NVSHMEM Release 2.7.0
Welcome to the NVIDIA® NVSHMEM™ 2.7.0 release notes.
Key Features And Enhancements
-
Default Hopper Support (i.e. sm_90 and compute_90)
-
A new (Experimental) CMake build system
-
Performance improvements to the GPU Initiated Communication (GIC) transport. Specifically, improvements were made to the synchronization and concurrency paths in GIC to improve the overall message rate of the transport.
-
Support for CUDA minor version compatibility in the NVSHMEM library and headers.
- Compatibility checks for the inbuilt bootstrap plugins.
- Limited DMA-BUF memory registration support. This enables using NVSHMEM core functionality without the nv_peer_mem or nvidia_peermem modules. DMA-BUF registrations are only supported up to 4 GiB in NVSHMEM 2.7.
- SO Versioning for both the nvshmem_host shared library and the precompiled bootstrap modules.
- NVSHMEM now links statically to libcudart_static.a instead of libcudart.so. This increases the NVSHMEM library size, but removes the requirement for applications to provide the dependency for NVSHMEM.
Limitations
- NVSHMEM is not yet compatible with the PMI client library on Cray systems and must use the NVSHMEM internal PMI-2 client library. Jobs can be launched with the PMI bootstrap by specifying --mpi=pmi2 to Slurm and NVSHMEM_BOOTSTRAP_PMI=PMI-2. PMI-2 can also be set as the default PMI by setting NVSHMEM_DEFAULT_PMI2=1 when building NVSHMEM. Jobs can also be launched directly by using the MPI or SHMEM bootstraps.
- The libfabric transport does not yet support VMM and VMM must be disabled by setting NVSHMEM_DISABLE_CUDA_VMM.
- Libfabric support on Slingshot-11 networks requires setting the following environment variable, FI_CXI_OPTIMIZED_MRS=false.
- VMM support is disabled by default on Power 9 systems because of a performance regression.
-
MPG support is not yet available on Power 9 systems.

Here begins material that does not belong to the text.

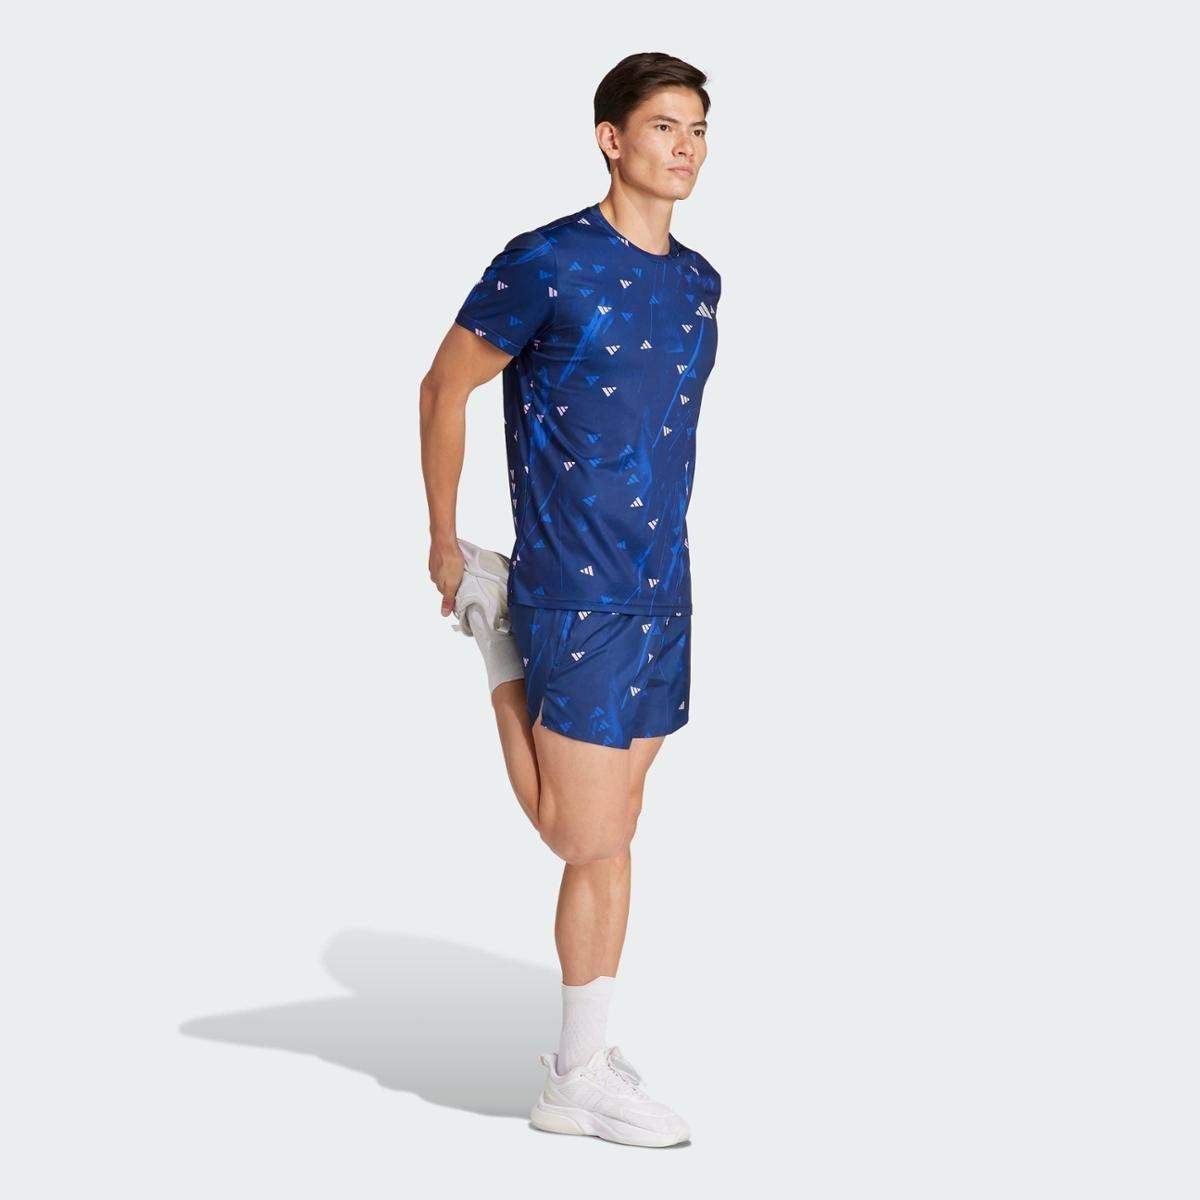 Camiseta Run It Brand Love Adidas Masculina - Azul

- Systems with PCIe peer-to-peer communication require one of the following
-
InfiniBand to support NVSHMEM atomics APIs.
-
The use of NVSHMEM’s UCX transport that, if IB is absent, will use sockets for atomics.
-
- NVSHMEM host APIs can be dynamically linked, but device APIs can only
be statically linked.
- This is because the linking of CUDA device symbols does not work across shared libraries.
- nvshmem_barrier*, nvshmem_quiet, and
nvshmem_wait_until only ensure ordering and visibility
between source and destination PEs on systems with NVLink and InfiniBand.

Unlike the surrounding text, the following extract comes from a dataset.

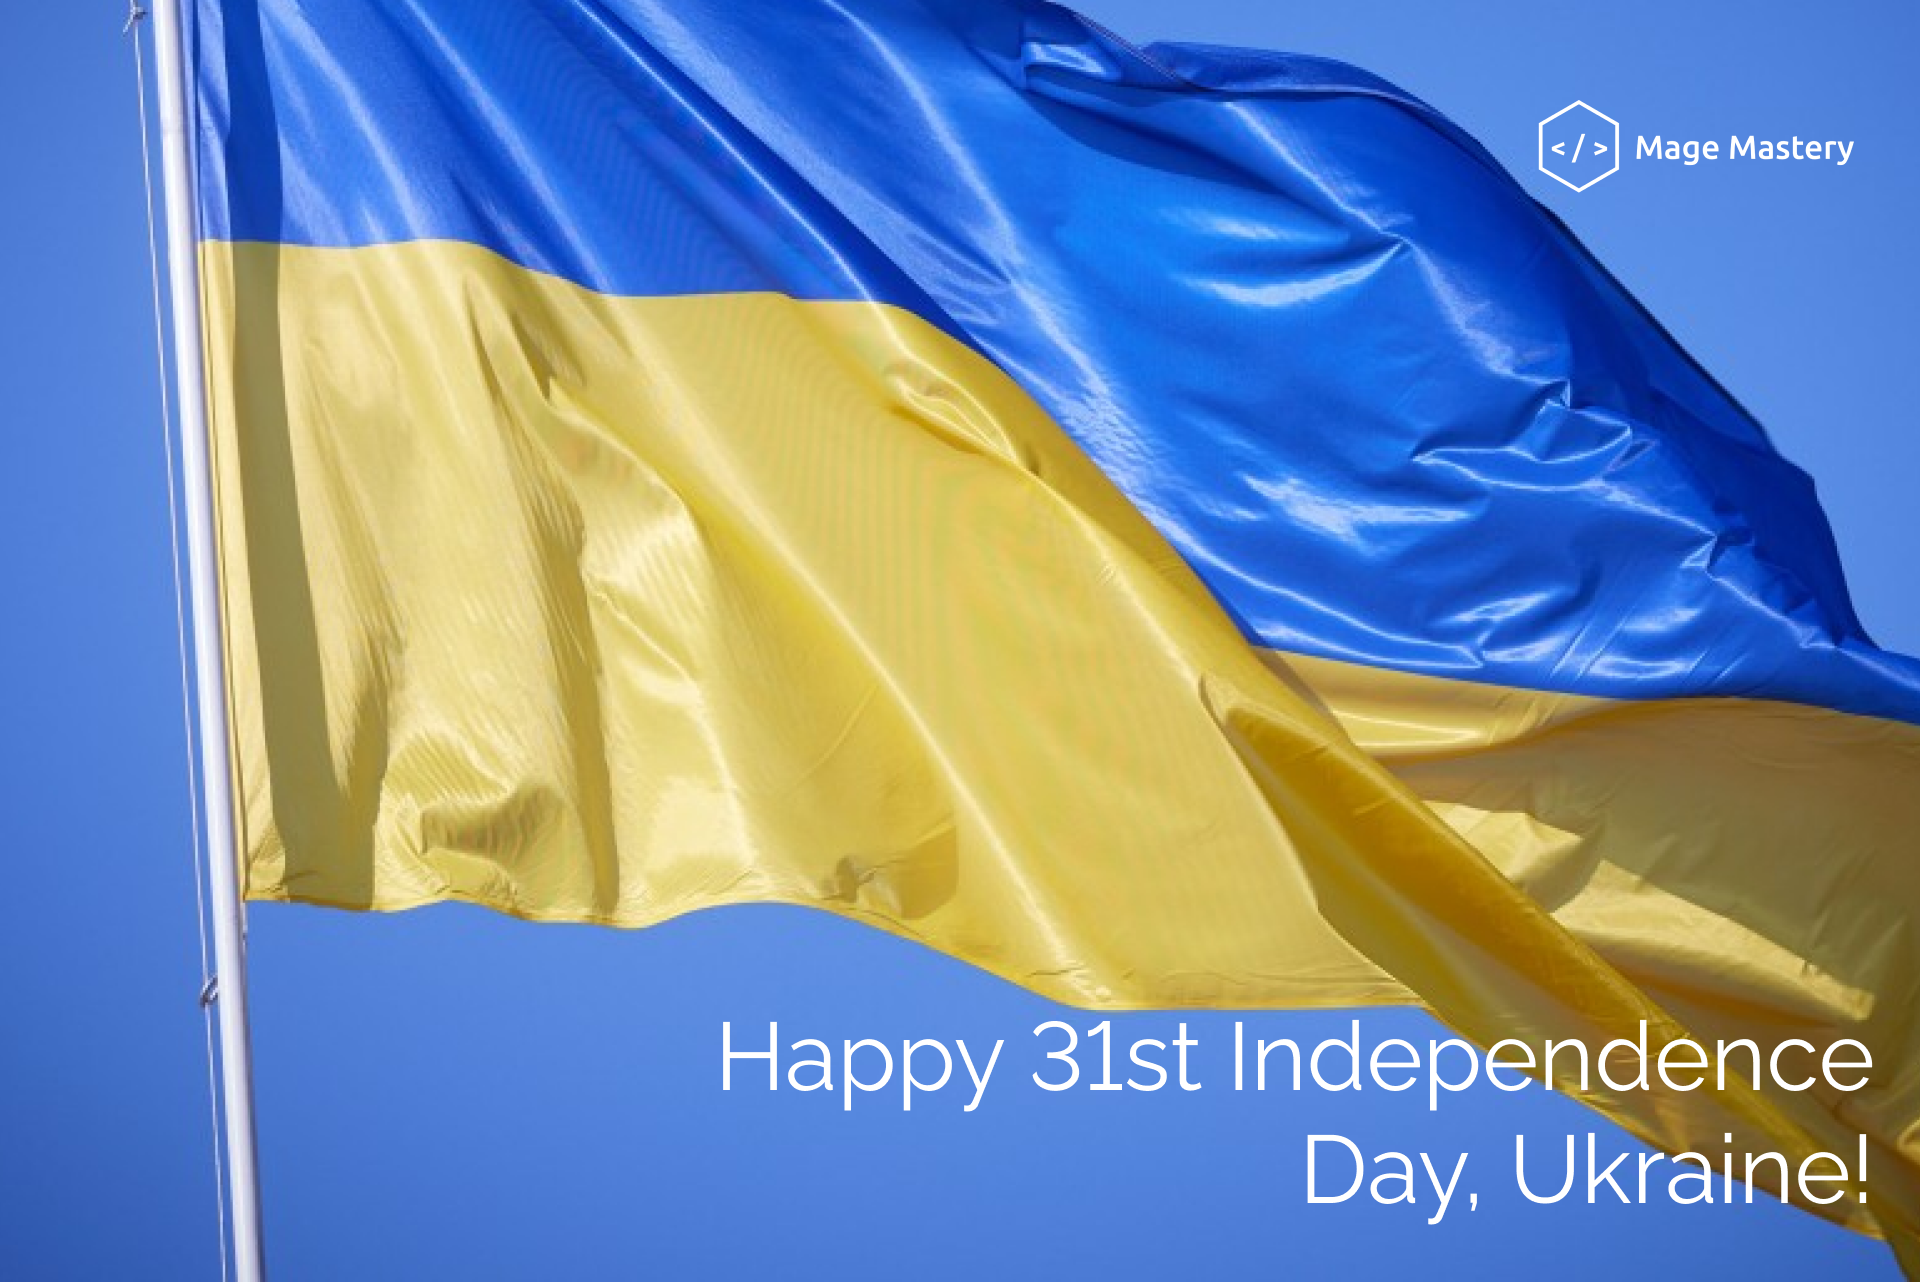 Happy 31st Independence Day, Ukraine!

- They do not ensure global ordering and visibility.
- When built with GDRcopy and when using Infiniband, NVSHMEM cannot allocate
the complete device memory because of the inability to reuse the BAR1
space.
This has been fixed with CUDA driver releases 470 and later and in the 460 branch.
- When NVSHMEM maps the symmetric heap using cudaMalloc, it sets the
CU_POINTER_ATTRIBUTE_SYNC_MEMOPS attribute, which
automatically synchronizes synchronous CUDA memory operations on the
symmetric heap.
With CUDA 11.3 and later, NVSHMEM supports the mapping of the symmetric heap by using the CUDA VMM APIs. However, when you map the symmetric heap by using the VMM APIs, CUDA does not support this attribute, and users are responsible for the synchronization. For additional information about synchronous CUDA memory operations, see API synchronization behavior.
Fixed Issues
- An issue in the local buffer registration path `nvshmemx_buffer_register` where collisions between overlapping memory regions were not properly handled.
-
An issue causing validation errors in collective operations when all GPUs in a job are connected via PCIe without a remote transport using the proxy thread.